Downing Street has distanced itself from a minister who admitted consumers are suffering rising prices, saying the “important thing” is a strong economy.

International Trade Minister Mark Garnier said rising prices hitting households had been predicted in the wake of a Brexit vote and had now “transpired”.

But a No 10 spokesperson said people’s lives would still be improved by a fundamentally strong economy, which he said was demonstrated by new figures showing 0.5 per cent growth between July and September.

It is the second time in two days that Mr Garnier has deviated from No 10’s official line, after saying Theresa May’s oft-repeated “Brexit means Brexit” phrase does not give “much clarity”.

Speaking to Bloomberg, Mr Garnier said: “Consumers are going to start to see rising prices and there’s nothing we can do about that.

“That was a well-predicted effect of Brexit. The point was very clearly made by everybody. Brexit could easily result in a slump in the value of sterling. That has transpired.”

How the pound has struggled since Brexit

Asked if Downing Street agreed with his words, a spokesperson accepted the economy would need to “adjust” as the UK’s relationship with the EU changes, but added: “The most important issue here is the strength of the British economy.

“That’s what will allow us to protect British consumers and British industry as we go forward through the process of exiting the European Union.”

Sterling’s decline in recent weeks will mean consumers’ money will be worth less as they head to the shops.

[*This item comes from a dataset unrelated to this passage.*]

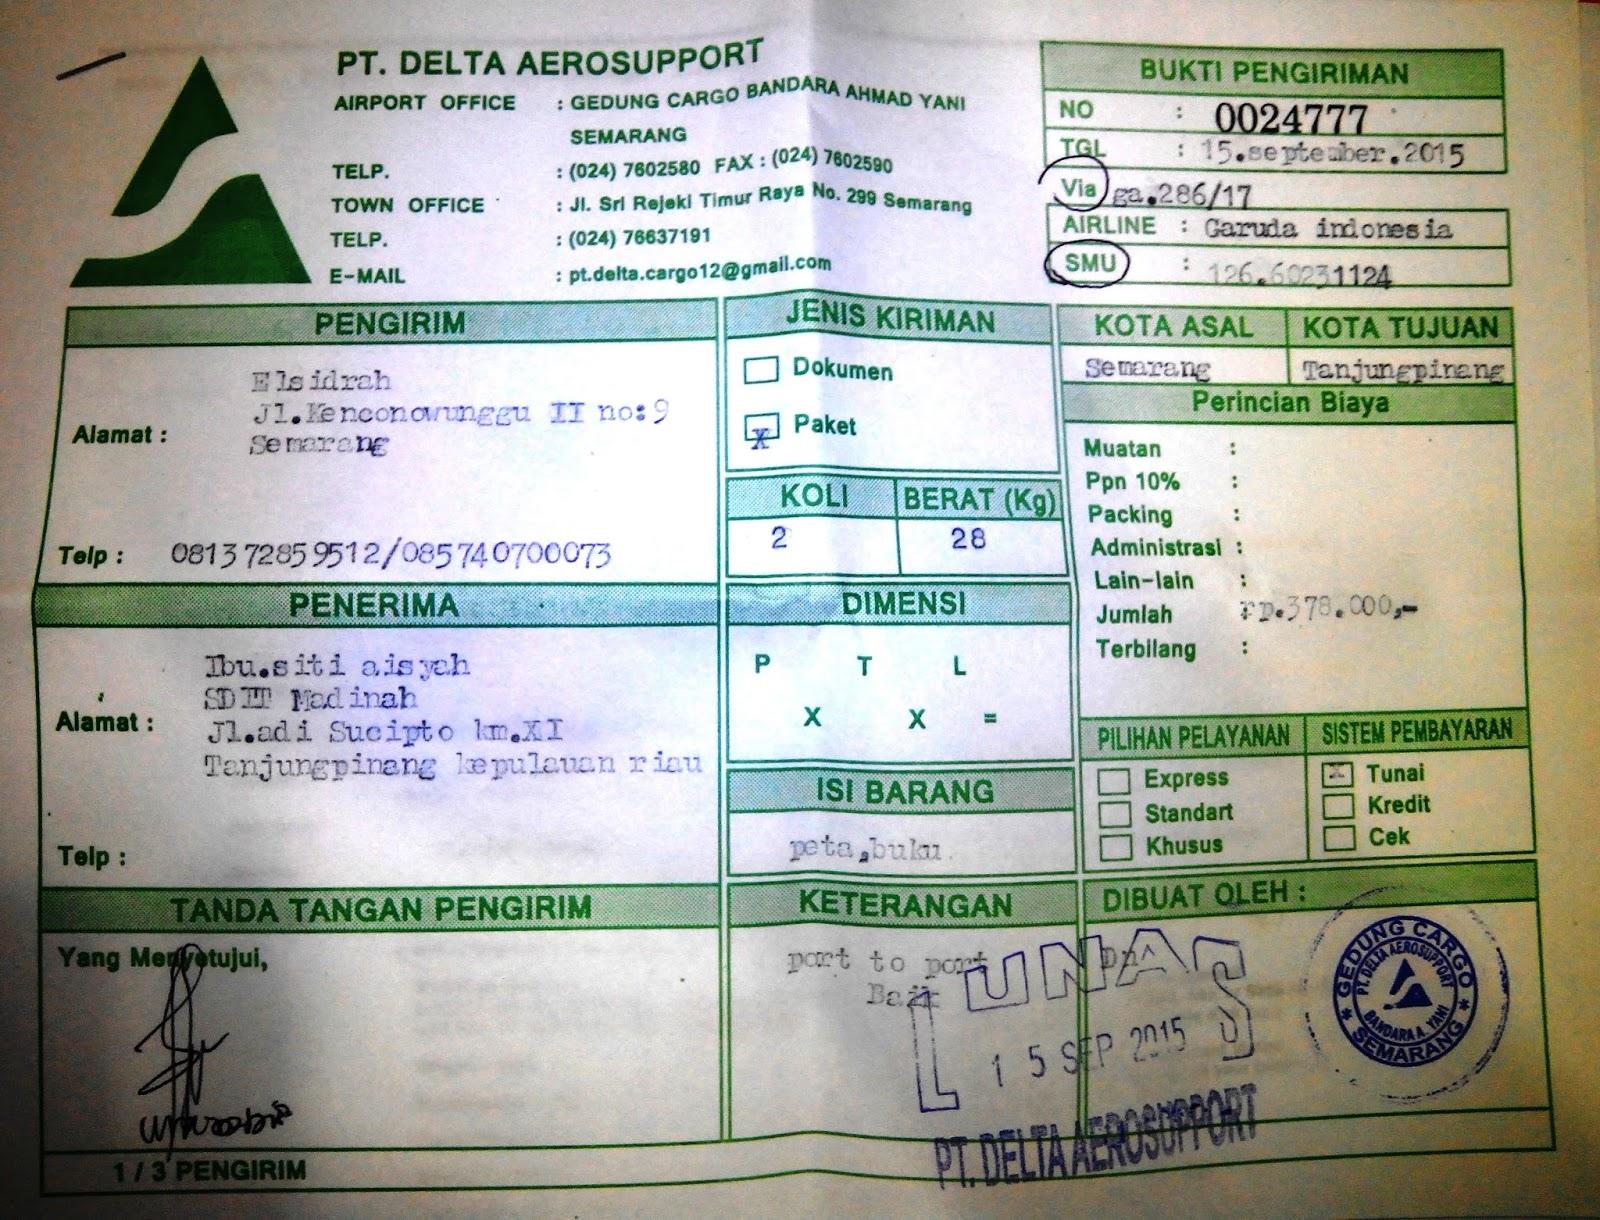 Katalog Bazar Jarum Pentul Keping Delta Cargo

Consumer price growth already surged to 1 per cent in September, the highest level in almost two years.

But the Government would rather focus on the positive side to economic data released today showing that the UK defied expectations and grew by 0.5 per cent in the third quarter of 2016.

When Mr Garnier was asked about Brexit this week, he said: “I’m not going to use the expression ‘Brexit means Brexit’ for obvious reasons – because it does not necessarily give that much clarity.”

The phrase, which initially represented Ms May’s determination to leave the EU, has come to be seen as a symbol of the lack of transparency around the Prime Minister’s objectives in her talks with European leaders.